Лялин, обняв, повел меня на «веранду», примыкавшую к Пестрому залу. Там за закрытыми дверями питались литературные начальники и важные, в том числе зарубежные, гости. «Веранда», обшитая деревом и украшенная грузинской чеканкой, сегодня пустовала, если не считать сидевшего за обильным столом Бутова, одетого в синюю ветровку с нашивкой «Porsh». Такого количества молний на отдельно взятой куртке мне прежде видеть не приходилось. Модный народ – чекисты!
– «Выпей меда, выпей бра-а-аги, про изменщицу забу-удь!» – пробасил Папикян, усадил меня и взялся за бутылку с нежной решимостью.
– Мне сегодня еще работать… – и я, как на плакате, заслонил ладонью пустую рюмку.
– А нам, значит, бездельничать? – нехорошо усмехнулся Палыч.
– Граммулечку, Жоржик! Армянский выдержанный. Обидишь!
– Ладно…
Понимая, что мне еще подписывать в свет газету, я только обмочил губы в ароматном коньяке.
– Ну как там ваша комиссия? – прищурившись, спросил Бутов.
– Работаем.
– Знаем, как вы работаете. С кем и о чем в Переделкино совещались, тоже знаем. Ну, просто как дети малые!

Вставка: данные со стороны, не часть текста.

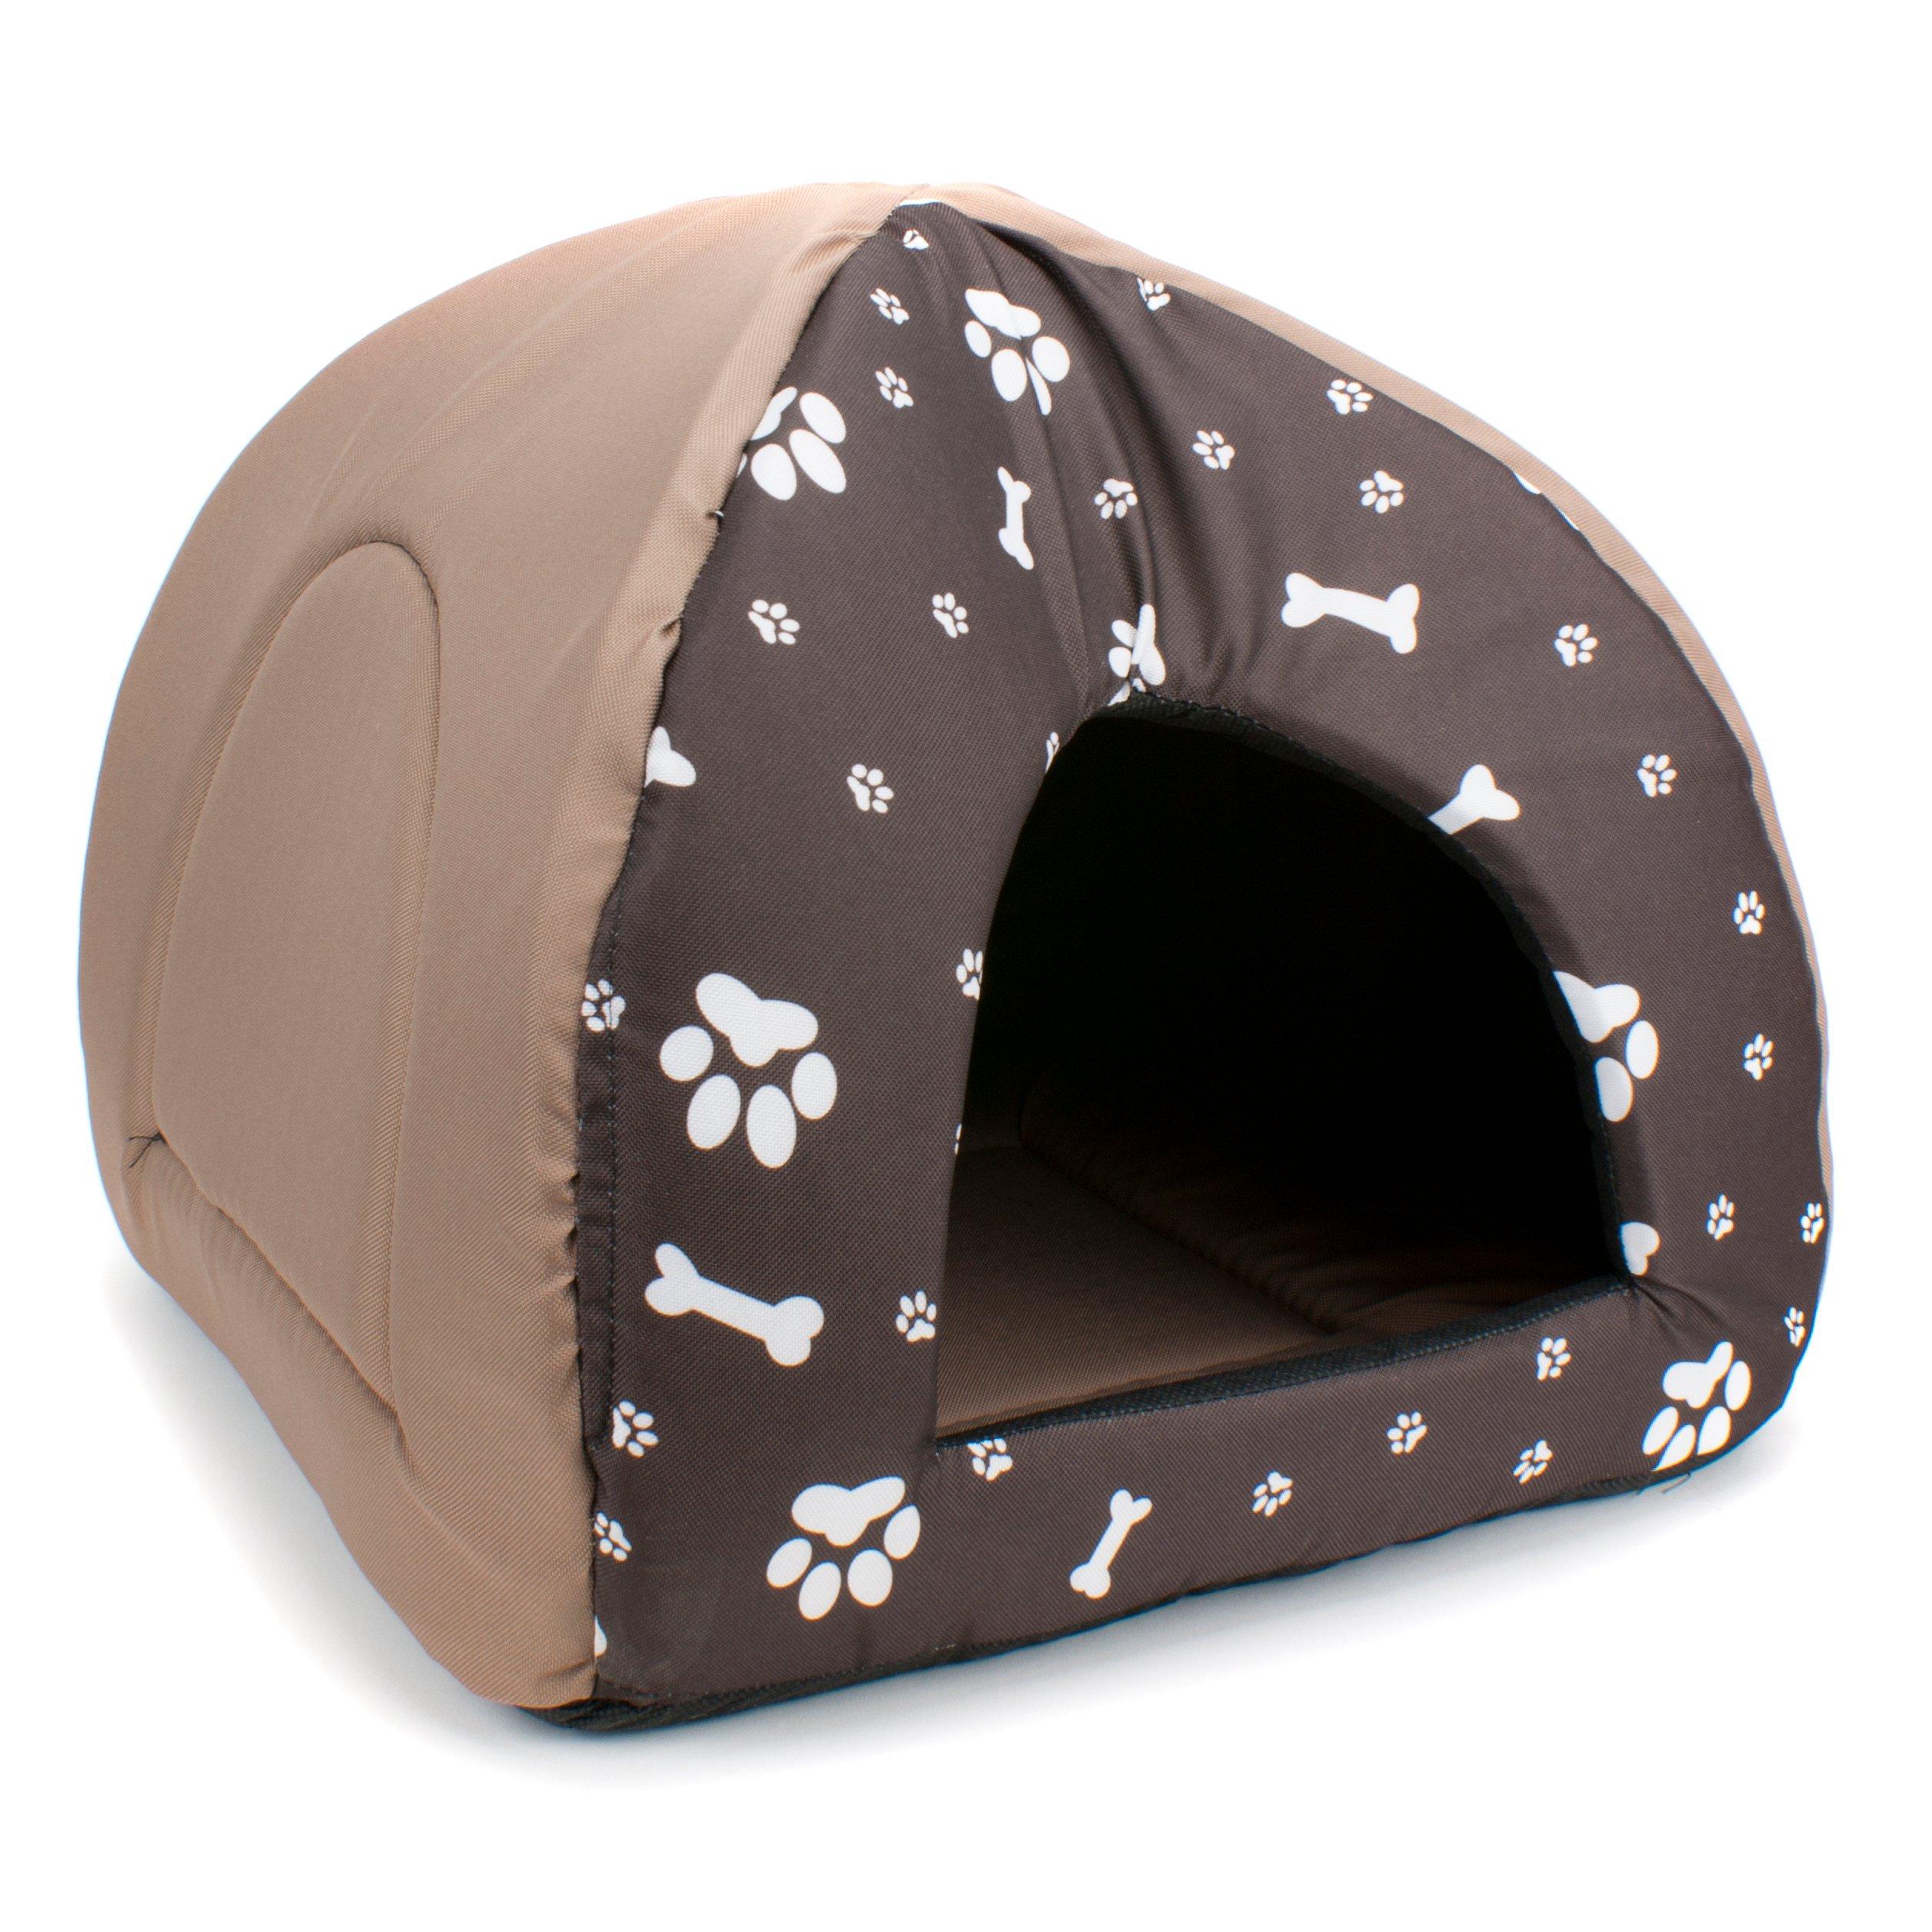 cd48c47c844e99 Domek IGLO budka dla psa kota z materiału BEŻOWY - 6834578219 ...

– Откуда знаете? – смутился я.
– От верблюда.
– Мы ничего… мы просто поговорили…
– Значит, теперь слушай сюда: про все, что вы нафантазировали, забудь!
– Но Ковригин…
– Ты кушай, кушай! – Лялин положил мне на тарелку сациви. – Хочешь напечатать свой «Дембель»?
– Хочу.
– В Италию хочешь?
– Хочу.
– Квартиру без тещи в Филевской пойме хочешь?
– Хочу.
– Тогда делай то, что говорят. Повестушка у тебя нормальная. Я прочитал. Ничего страшного в ней нет. В жизни еще хуже. – Бутов долил коньяк в мою рюмку. – Знаешь, какой у нас в роте «неуставняк» был? Меня самого на первом году по утрам петухом кричать заставляли – дедов будить.
– Но ведь Ковригин…
– Слушай, Полуяков, оставь ты в покое Ковригина! Он сам как-нибудь выпутается. Знал, куда лез. Ты лучше спроси, откуда у меня твоя рукопись?
– Откуда? Из «Юности»?
– Наивный чукотский юноша! Мог ты влипнуть, парень, покруче Ковригина. Ты кушай, кушай! – Папикян положил мне на тарелку севрюгу.
– Вот гад!
– Ты о себе лучше думай. С тобой-то, как с Ковригиным, никто нянькаться не станет – просто перекроют кислород. Везде.
– Жорж, не дури! – обнял меня Лялин. – У тебя вся жизнь спереди! Скушай тарталеточку.
– Я обедал только что.
– Ничего страшного, – осклабился чекист. – Обед – как жена, а тарталеточка – она вроде молодой актриски. Так ведь, Полуяков?
– Не пугай мальчика! Жорж, дело очень опасное! – страдальчески вздернул крашеные брови Папикян.
– И что мне теперь делать? – спросил я обреченно.
– Ну вот, уже лучше. Забудь все, что вы там, в Переделкино, придумали! – Чекист улыбнулся.
– Забыл, – кивнул я искренне, так как на самом деле не мог вспомнить наш план спасения классика.